I’m not really looking for a steelman, so much as a when do these people think ‘real’ GDP started to decline. Hourly compensation became uncoupled from productivity in the 70’s but we’re much richer now than we were then.
I've recently encountered a somewhat similar narrative, pointing to a similar stagnation and decline, but, rather than being purely "accounting tricks and rising real estate prices," it's, to put it succinctly, software isn't stuff.
The example given was to consider if you took every modern electronic screen out of your house. Get rid of your flatscreen TV, and maybe replace it with an old CRT set. Toss out the laptops, the tablets, the smartphones, the GPS and other "screen" electronics in your car, etc.
Now, how does your stuff, your surroundings, your life differ from someone of similar class, job, etc. back in the 70s or 80s? What has gotten better in terms of material stuff, rather than telecommunications, internet, and software, software, software? It's the whole "flying cars vs. cyberpunk dystopia" thing, the building of the virtual "layer" atop a stagnating, even declining material one.
(I'm reminded here again of the likes of Tyler Cowen's Average is Over and the future he projects, where ~80% of the population lives in third-world style favelas, concentrated in the narrow latitude/climate band that minimizes annual heating+AC costs, eating beans, making pennies on Amazon Turk; but most people will be fine with that because VR will have become so good they won't care about their conditions in the material world (and for those who don't, there will be better psych drugs and cops with omnipresent surveillance drones).)
My car is much nicer.
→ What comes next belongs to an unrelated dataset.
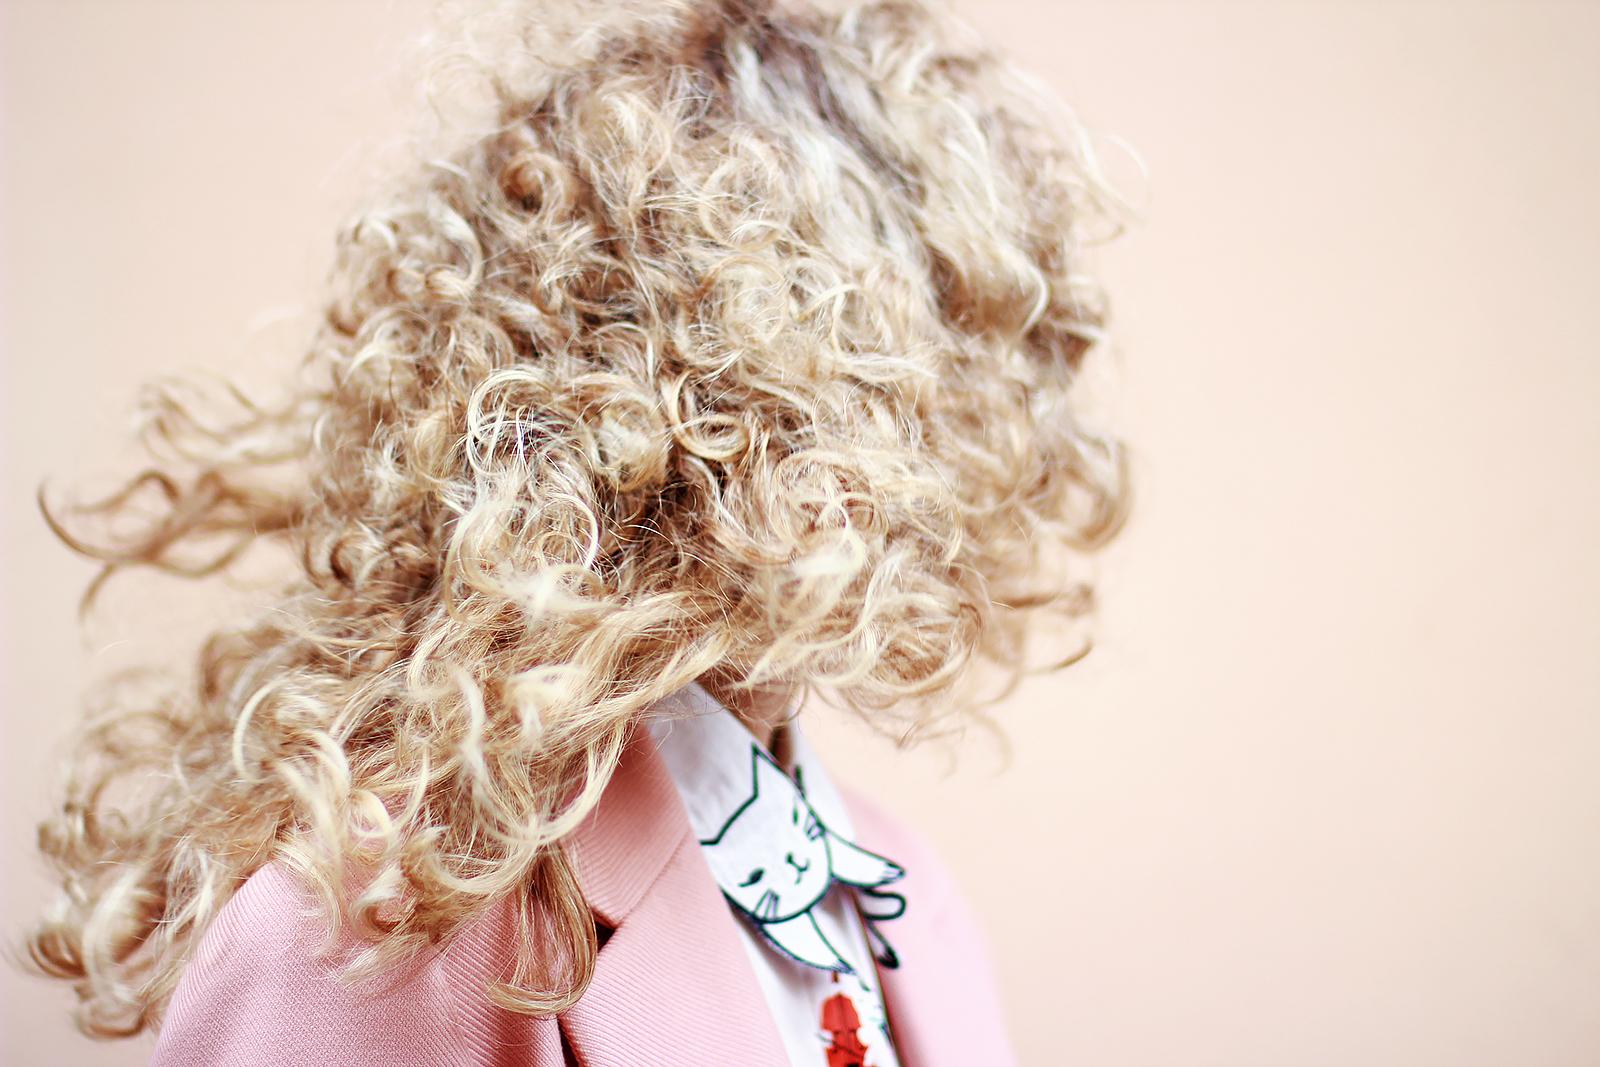 margarita_maslova_pink_coat_caramel_pants_cats_blouse_rose_quartz_bag_streetstyle_

My house is probably not that different, but it’s definitely not worse. My diet is probably mildly better; my parents remember eating liver, franks and beans, etc, and I certainly don’t have to do that. I have more options for vacationing within my price range even if I prefer to spend my money on things other than flights(and tradesmen in the 70’s or even 80’s did not get to fly places). Most of my minor chattels are mildly better or about the same.
And, for two new technologies- cell phones and the microwave are a massive improvement in the quality of life for ‘white van men’- the cell phone, because I’m no longer confined to my house when I’m on call, and microwaves because I can now eat a hot lunch at any gas station without having to either a) eat a 7/11 hot dog or b) go to McDonald’s. It seems fair to also note that the internet and Amazon are large improvements in QoL in middle class suburbs, even lower middle class ones.
Oh, and I get all that working fewer hours.